Trump and a functioning democracy

Trump and a functioning democracy

“I worked with John Kelly, and he was totally unequipped to handle the genius of our great President.”

This from White House Secretary Stephanie Grisham, following up Trump’s denial of former White House chief of staff John Kelly’s claim that he told Trump if he surrounded himself with yes-men he’d get himself impeached.

This from the politburo of the USSR. This from the state-run press of North Korea. This right before a well-choreographed flag-spinning ceremony dedicated to our fearless leader and mighty national savior, protector of all we survey and further than even our most majestic and quickest thoughts can reach. This from a place with no functioning democracy. This is not the type of talk that is accepted in non-tyrannies.

Trump’s PoliFact scorecard has 5% True, 10% Mostly True; 14% Half True; 21% Mostly False; 35% False; 15% Pants on Fire.

Compare that to Obama’s: 20% True; 27% Mostly True; 26% Half True; 12% Mostly False; 12% False; 1% Pants on Fire.

Adding up Mostly False through Pants on Fire, Trump = 71%; Obama = 25%

Politicians will spin the facts; that’s why we need fact checkers; but Trump blatantly lies all the time, and allowing that to go unchecked in the highest office of the land is not conducive to a functioning democracy.

This running tally by the ACLU of President Trump’s actions and statements against press freedoms also highlights his anger issues, extreme narcissism, and eagerness to subvert democratic norms in favor of the confusion and chaos-sowing approach favored by petty tyrants.

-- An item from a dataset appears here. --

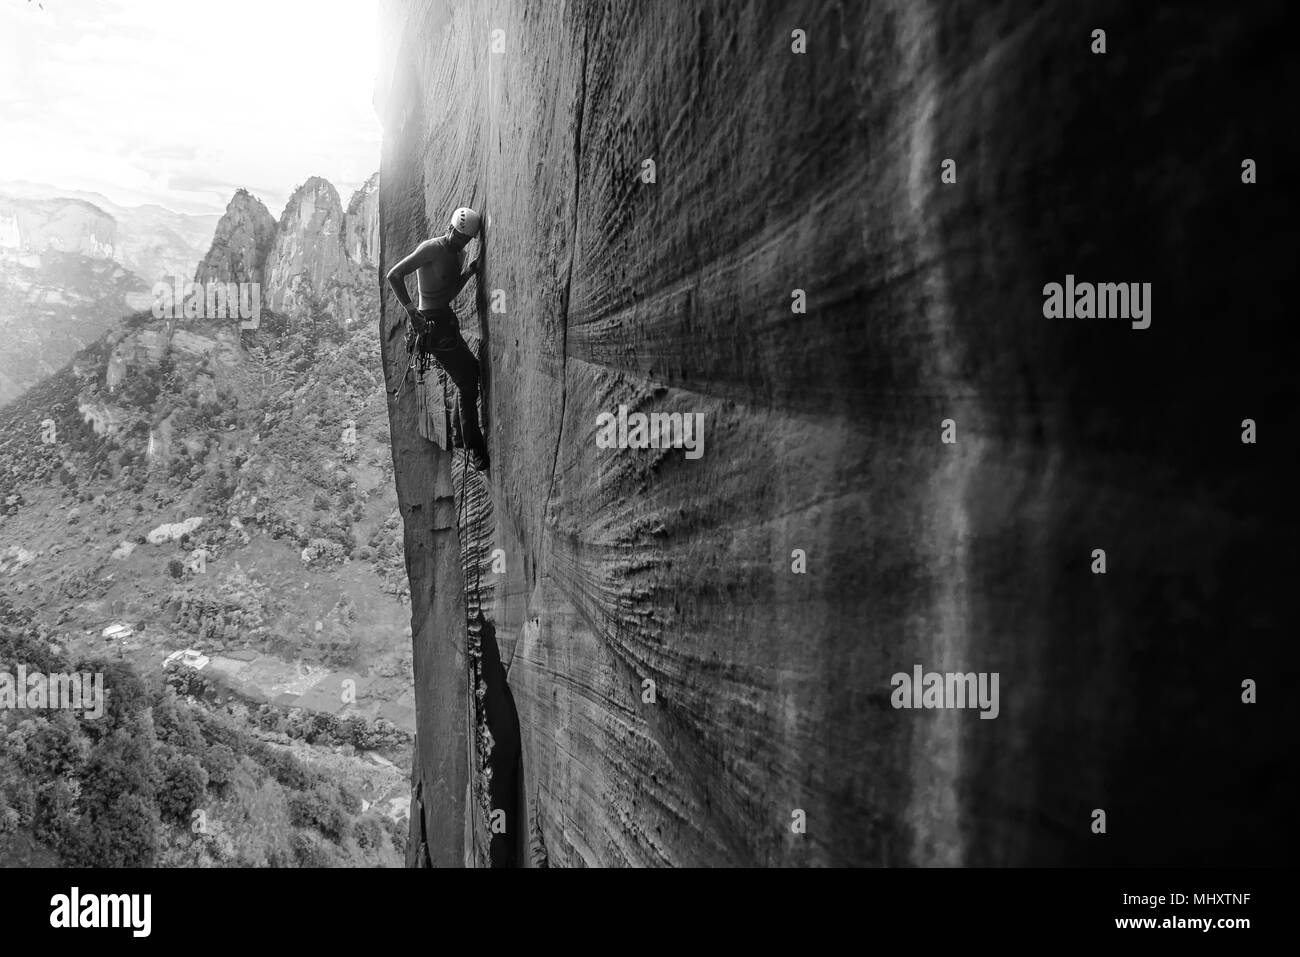 Rock climber climbing rock de grès, le chaulage, Province du Yunnan, Chine Banque D'Images
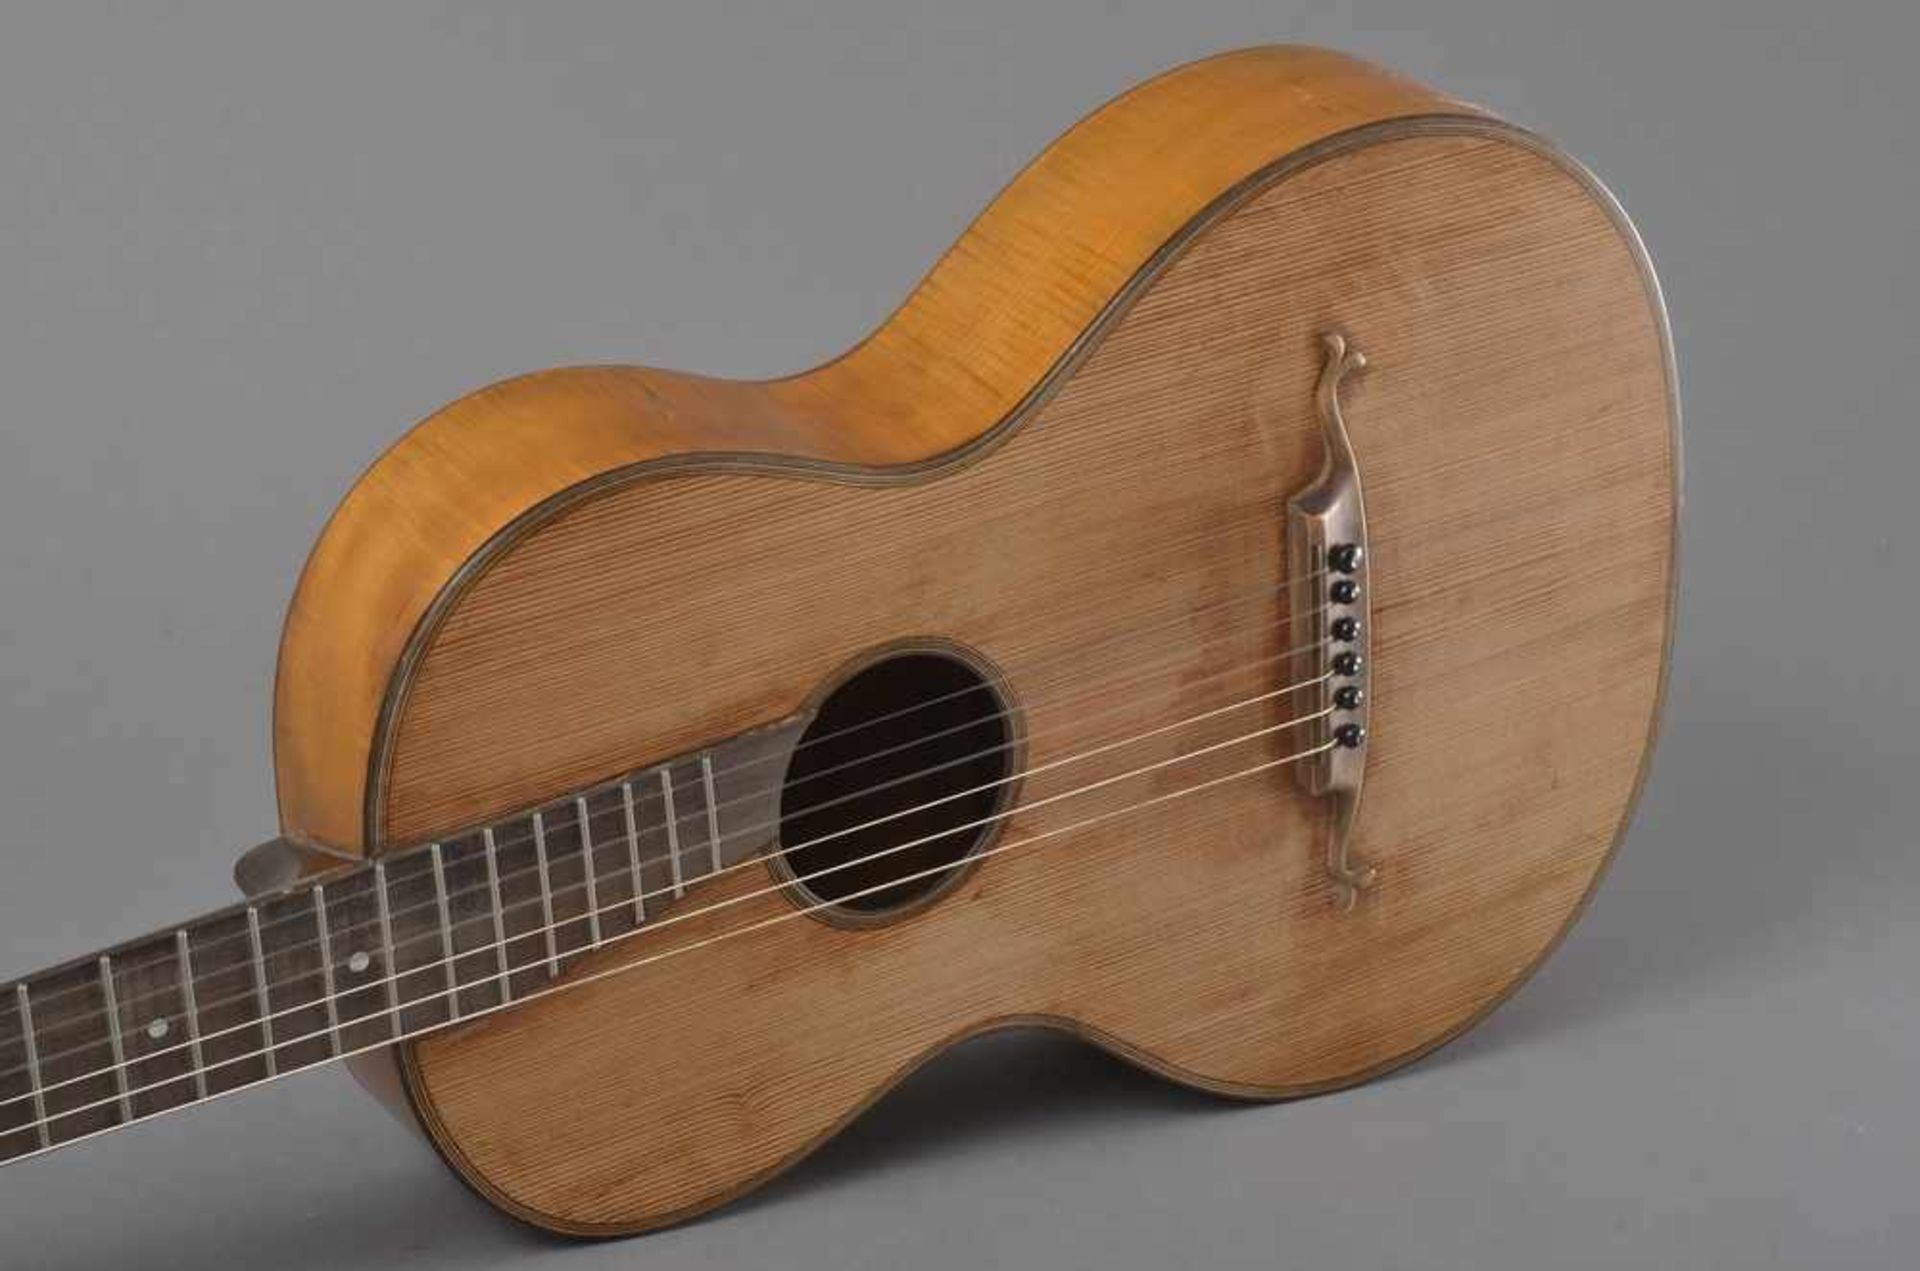 Historische Gitarre, Mensur 61,3cm, Gesamtlänge 93cm, Saitenhöhe 5mm, ca. 100 Jahre alt, spielbar - Image 4 of 7

It all just goes much too far.

And then of course there’s the the Mueller report. David Frum in the Atlantic gives a nice synopsis of the findings:

“A foreign power interfered in the U.S. election to help the Trump campaign. The Trump campaign welcomed the help and repeatedly lied about it. The lying successfully obscured some questions the investigation sought to answer; in the end, it found insufficient evidence to charge a broader conspiracy. President Trump, in public and in private, worked to stop the investigation.”

And now a clear and verified attempt to leverage US foreign aid to coerce a foreign country into helping Trump dig up dirt on a political rival.

And of course, there’s his consistent praise of authoritarian leaders.

And while there may be no easy answers to the question of how to control immigration, cruelty at the border harms both our national interests and all our souls.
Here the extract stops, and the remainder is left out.